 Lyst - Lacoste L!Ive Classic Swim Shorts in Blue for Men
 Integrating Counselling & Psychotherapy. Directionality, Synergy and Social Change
...
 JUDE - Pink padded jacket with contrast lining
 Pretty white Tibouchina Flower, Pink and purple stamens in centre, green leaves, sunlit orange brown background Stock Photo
==
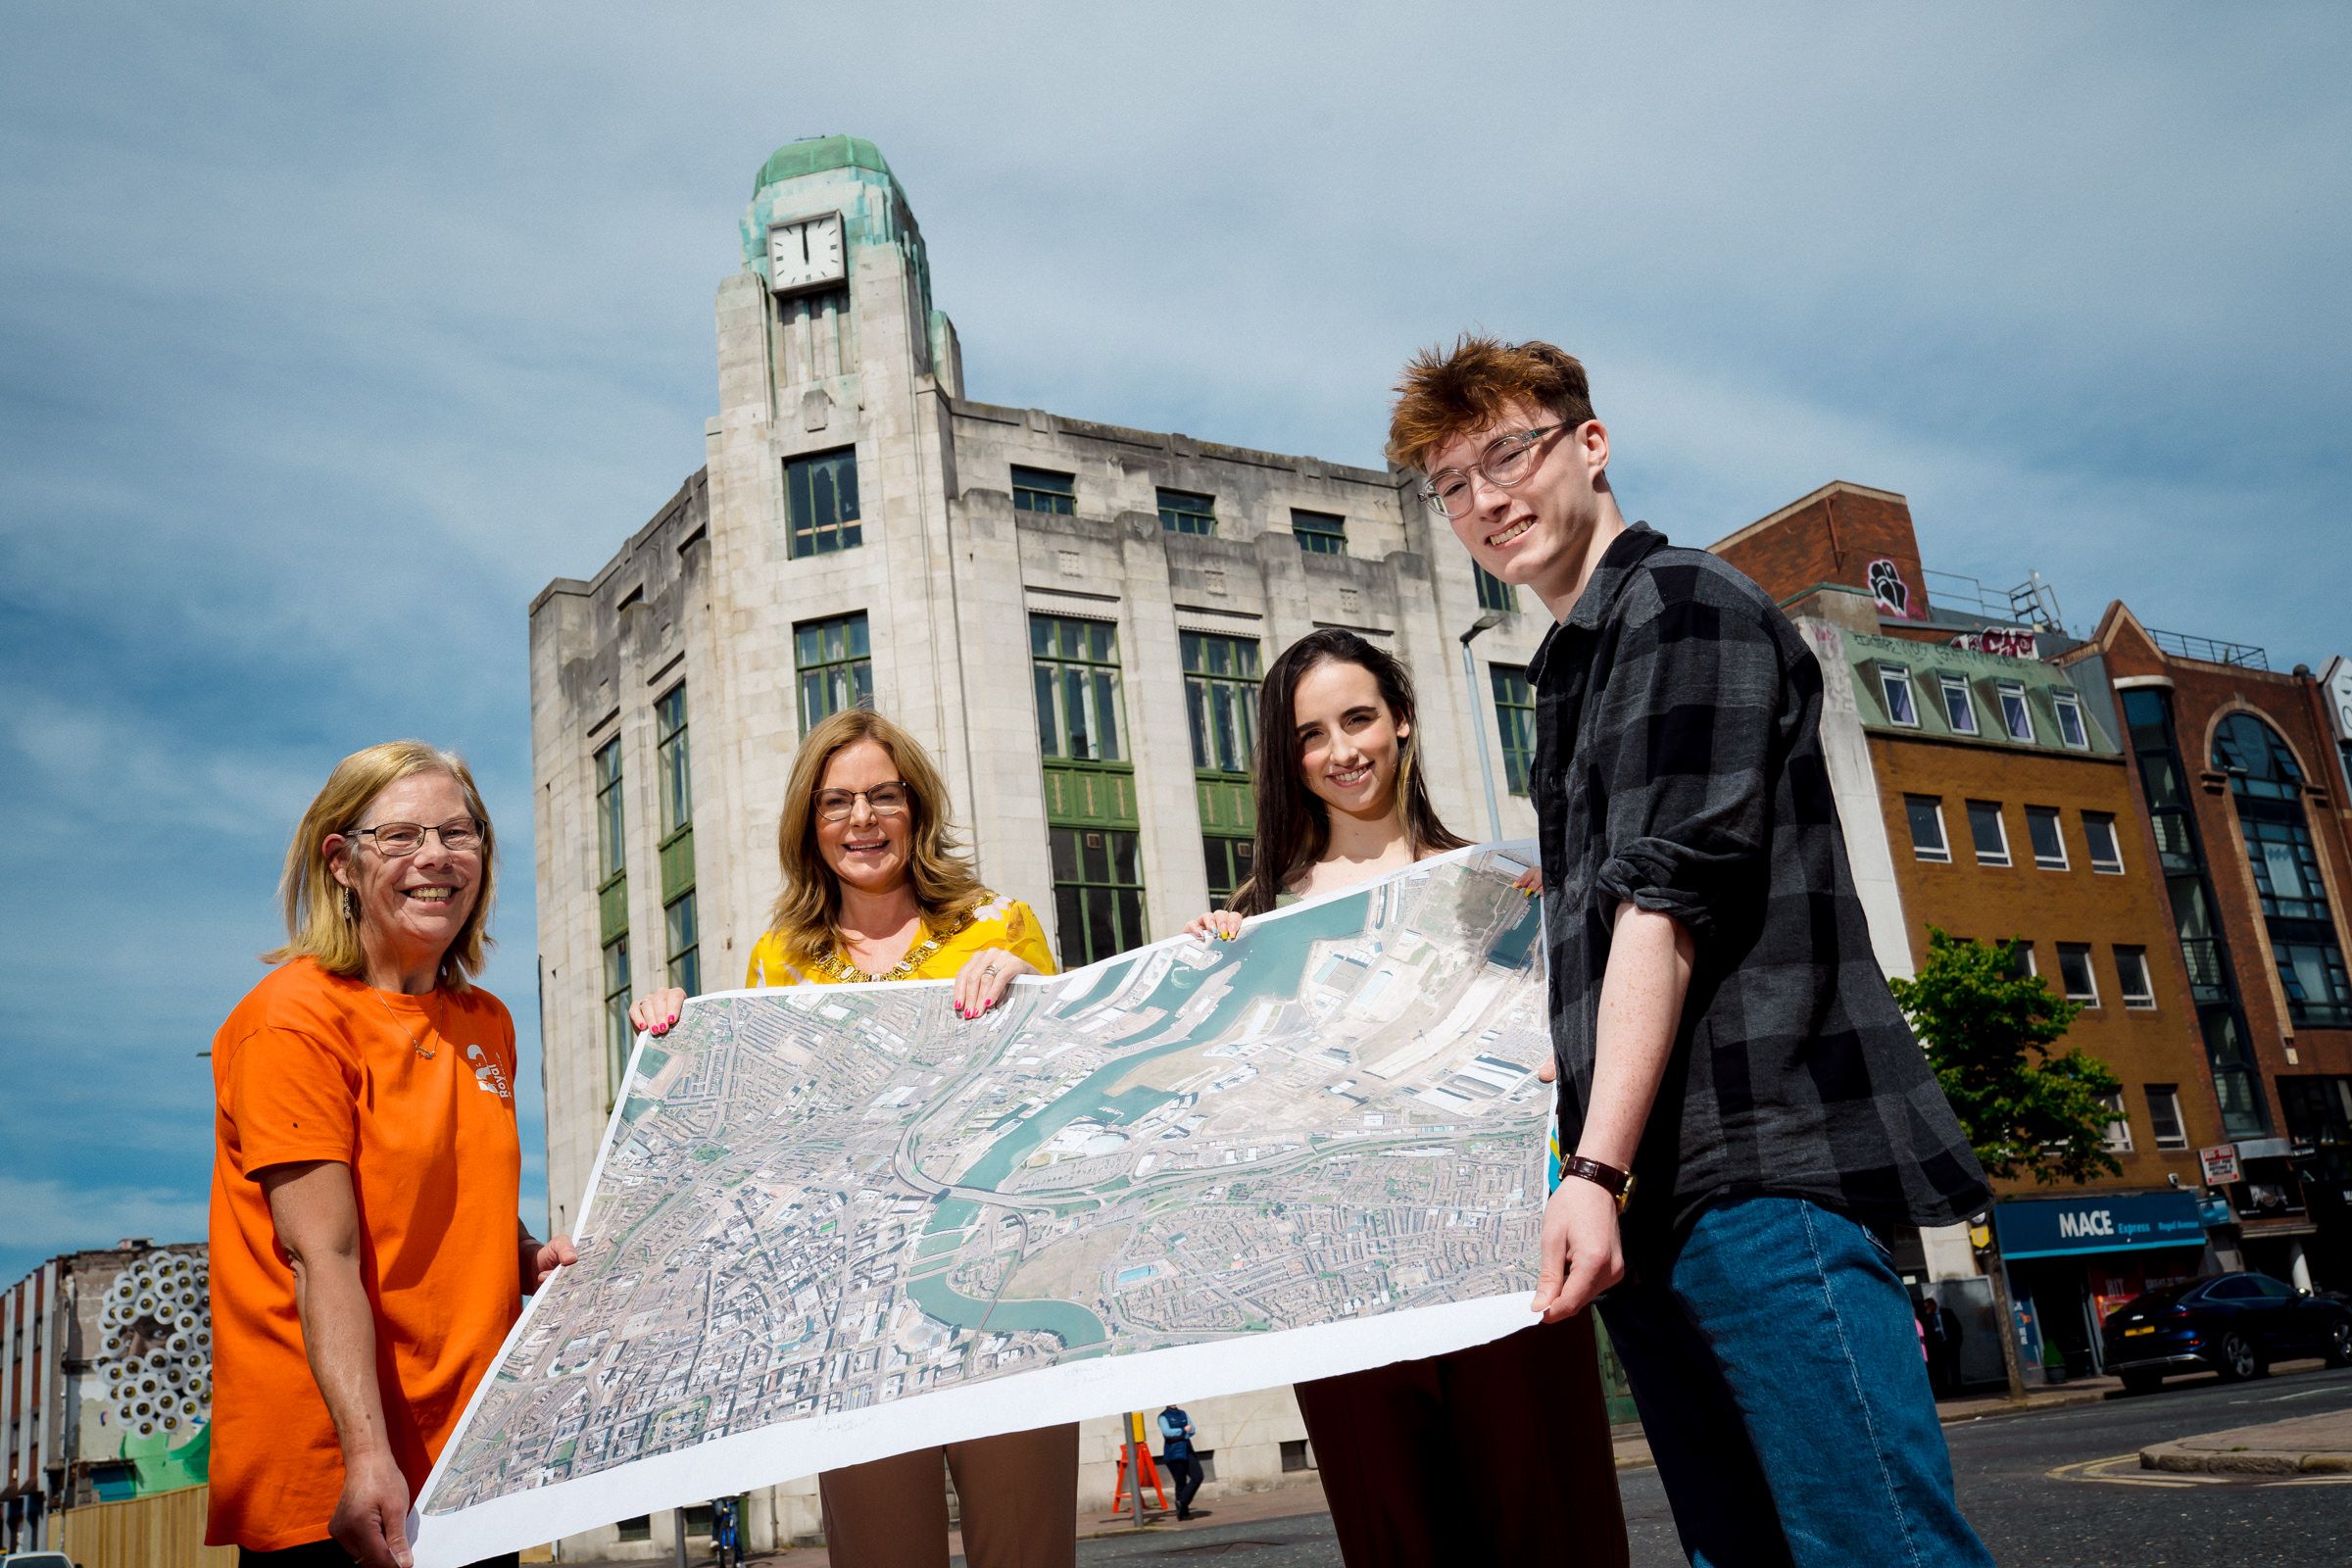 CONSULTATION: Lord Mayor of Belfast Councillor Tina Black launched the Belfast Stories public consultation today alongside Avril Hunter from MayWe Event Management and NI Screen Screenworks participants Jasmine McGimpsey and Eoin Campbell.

Problem to work on
The answer is to be a bare number, showing how many lines of the records contain "Pink".

Response to this task
2